In SENOMAC, all Swedish hospitals treating breast cancer were invited to participate apart from six hospitals with annual caseloads of about 50 newly diagnosed breast cancer patients or less. Of all invited sites, only four still remain outside the trial today; these have annual caseloads of 138, 199, 200, and 269, respectively (as of year 2017), and are non-university hospitals. Thus, all types of hospitals are well represented in the trial, including both more urban and more rural hospitals of varying volumes. Inclusion rates were clearly shown to not depend on case volume or university status, instead, it must be hypothesised that dedicated clinical researchers and their teams are of crucial importance for a high inclusion rate, and thus representativeness. Again, the fact that this assessment of external validity was performed during an ongoing trial offers opportunities to impact on current selection mechanisms through repeated feed-back to the sites.
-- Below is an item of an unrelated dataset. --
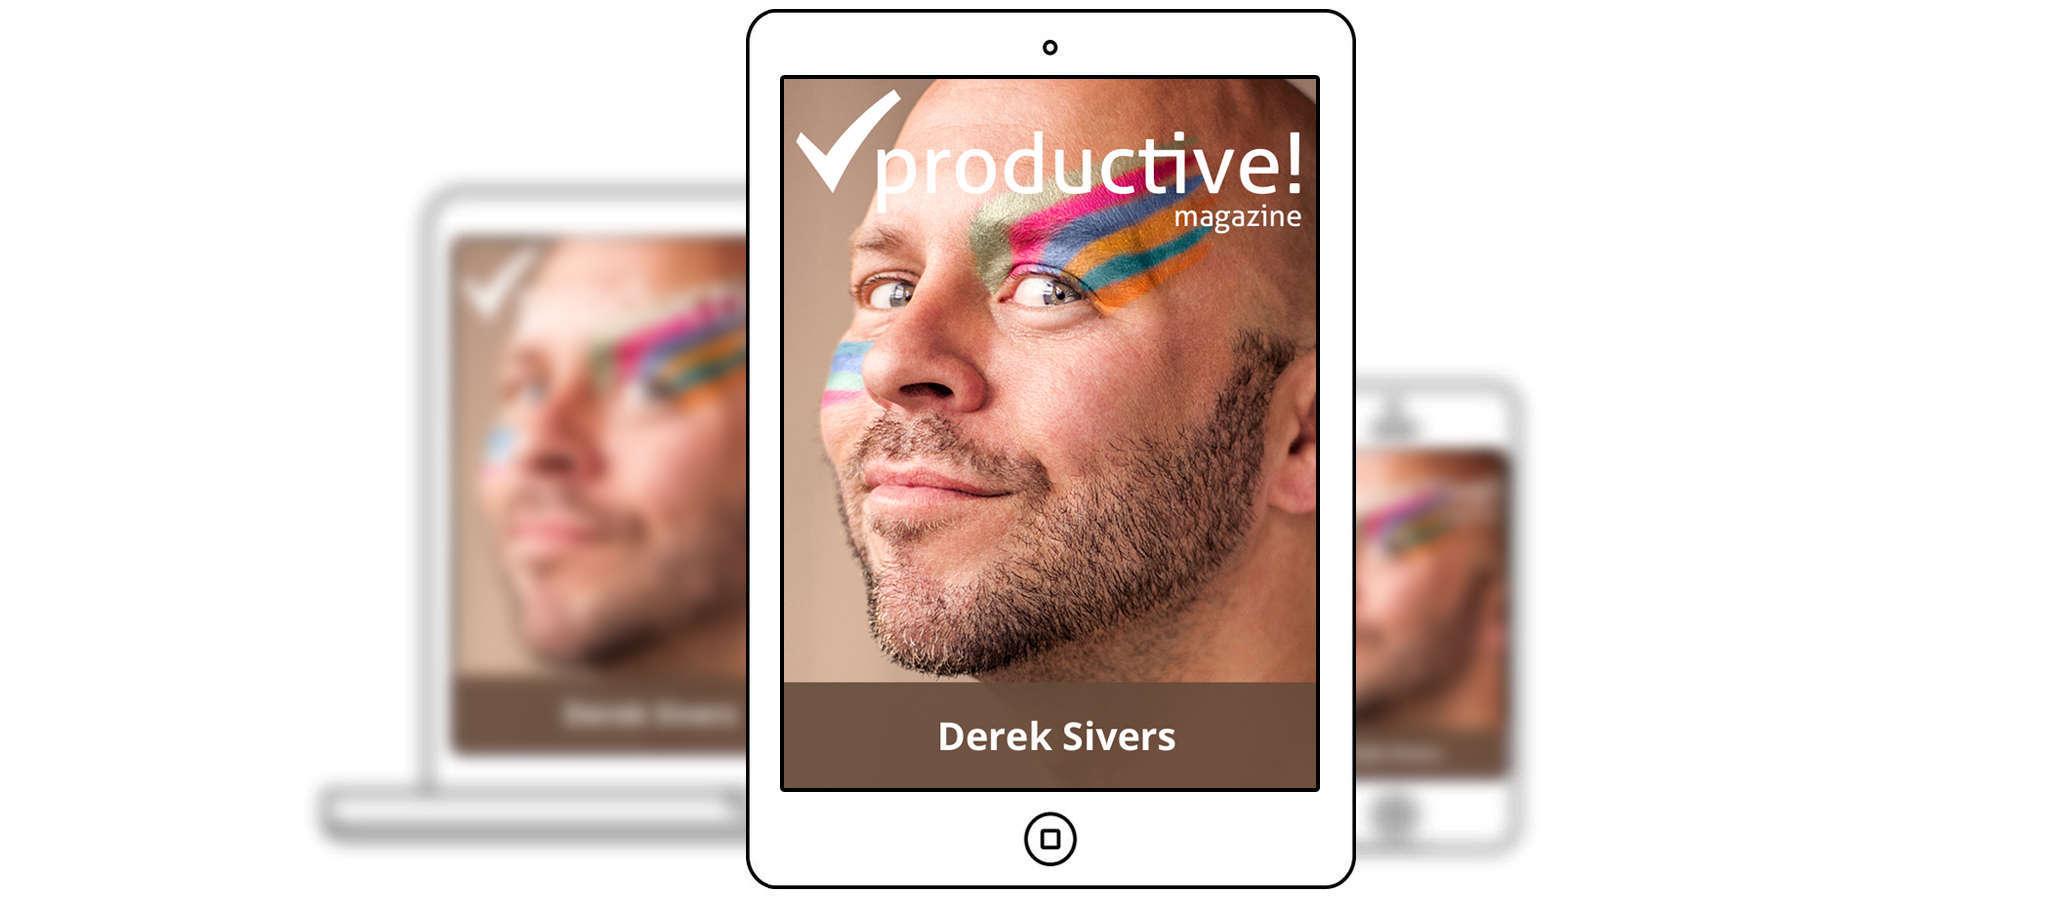 №30 with Derek Sivers

The broadening of inclusion criteria in February 2016 to allow patients planned for NACT to enter the trial was implemented in a time when the debate of when to perform SLN biopsy in the neoadjuvant setting was still hot. The measure was in compliance with Swedish national guidelines at that time, recommending the use of SLN biopsy before the start of NACT in order to identify node-positive patients that would potentially benefit from adjuvant regional radiotherapy. Since ALND was the recommended axillary intervention in all NACT patients at the time of trial initiation, the introduction of SLN-positive NACT patients into the trial was met with hesitation at first. This may explain the low proportion of NACT patients included into the SENOMAC trial. Today, an overwhelming majority of countries, including Sweden, have abandoned the concept of pre-NACT SLN biopsy. As a consequence, the inclusion of NACT patients into the SENOMAC trial has been suspended. This should not impact negatively on trial results considering the small proportion of such patients having been included.

This analysis may have certain limitations in that it relies on register data as a source for comparison with tightly monitored RCT data. The NKBC, however, has been previously shown to yield acceptable coverage and validity [13], and serves as a unique platform for assessment of external validity.

Conclusions

This comparative analysis exposes some common issues of external validity in the ongoing SENOMAC trial having today recruited over a third of its target accrual by international collaboration. By presenting this assessment early and not only at conclusion of enrolment, the opportunity is given to impact on selection mechanisms and inclusion rates. Comparisons between study participants and population-based quality registers should be an integral part of practice-changing clinical trials, and data on external validity should always be included in any report of clinical trial outcomes.